Perform an inverse Fourier Transform
public void inverse()
Usage:
ft.inverse();
This is the standard method, in this class, for performing an inverse fast Fourier transform (fft). The data length must be a power of two; a warning mesage will be printed to screen if it is not and the data array will be first padded with zeros until a length equal to an integer power of two is reached. The transformed data may be accessed via getTransformedDataAsComplex() or getTransformedDataAsAlternate().
public void basicFft(double[] data, int nn, int isign)
Usage:
ft.basicFft(data, nn, isign);
This is the basic fft method accessed by both transform and inverse described above. It is based on the Numerical Recipes, C method, four1. This method would not normally be called directly but if it is the data must be in the form of alternating real and imaginary parts, as described in the third data input method descibed above. The integer nn must equal half the length of the data array data, i.e. must equal the number of complex numbers in the data to be transformed. The integer nn must be a power of 2. This method, basicFfft, does not check this. If the integer isign is set to 1 the the array data is overwritten with its discreet Fourier transform. If the integer isign is set to -1 the the array data is overwritten with nn times its inverse discreet Fourier transform. The transformed data is returned as an array of alternating real and imaginary parts of the complex transformed data. No data is returned by this method to the instance variable data arrays.
tData[0] | frequency = 0 | |
tData[1] | frequency = 1/(n.deltaT) | |
tData[2] | frequency = 2/(n.deltaT) | |
. . . . . . | . . . . . . | |
tData[n/2-1] | frequency = (n/2 - 1)/(n.deltaT) | |
tData[n/2] | frequency = aliased combination/(2.deltaT) | |
tData[n/2+1] | frequency = -(n/2-1)/(n.deltaT) | |
tData[n/2+2] | frequency = -(n/2-2)/(n.deltaT) | |
. . . . . . | . . . . . . | |
tData[n-1] | frequency = -1/(n.deltaT) |
Get the transformed data as alternating real and imaginary parts
public double[] getTransformedDataAsAlternate()
Usage:
tData = ft.getTransformedDataAsAlternate();
This method returns the transformed data as an array of alternating real and imaginary parts of the transformed complex data.
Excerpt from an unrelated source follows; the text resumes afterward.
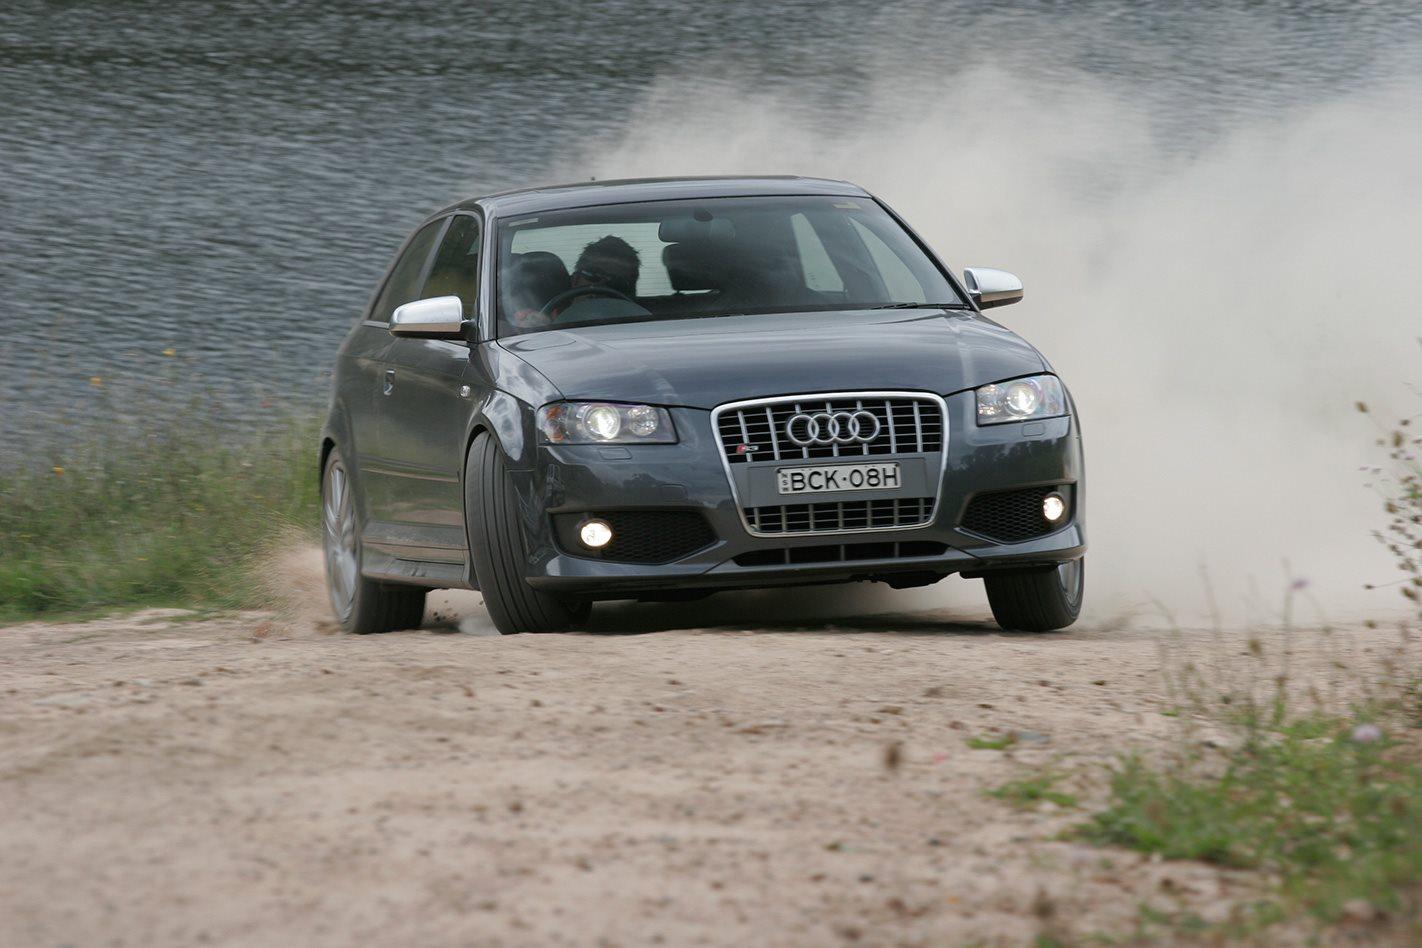 2008 Audi S3 offroading.jpg

The data is ordered as:
tData[0] | real part | frequency = 0 | ||
tData[1] | imaginary part | frequency = 0 | ||
tData[2] | real part | frequency = 1/(n.deltaT) | ||
tData[3] | imaginary part | frequency = 1/(n.deltaT) | ||
tData[4] | real part | frequency = 2/(n.deltaT) | ||
tData[5] | imaginary part | frequency = 2/(n.deltaT) | ||
. . . . . . | . . . . . . | . . . . . . | ||
tData[n-2] | real part | frequency = (n/2 - 1)/(n.deltaT) | ||
tData[n-1] | imaginary part | frequency = (n/2-1)/(n.deltaT) | ||
tData[n] | real part | frequency = aliased combination/(2.deltaT) | ||
tData[n+1] | imaginary part | frequency = aliased combination/(2.deltaT) | ||
tData[n+2] | real part | frequency = -(n/2-1)/(n.deltaT) | ||
tData[n+3] | imaginary part | frequency = -(n/2-1)/(n.deltaT) | ||
tData[n+2] | real part | frequency = -(n/2-2)/(n.deltaT) | ||
tData[n+3] | imaginary part | frequency = -(n/2-2)/(n.deltaT) | ||
. . . . . . | . . . . . . | . . . . . . | ||
tData[2n-2] | real part | frequency = -1/(n.deltaT) | ||
tData[2n-1] | imaginary part | frequency = -1/(n.deltaT) |
Get the original data as alternating real and imaginary parts
public double[] getAlternateInputData()
Usage:
tData = ft.getAlternateInputData();
This method returns the original data as an array of alternating real and imaginary parts of the original complex data.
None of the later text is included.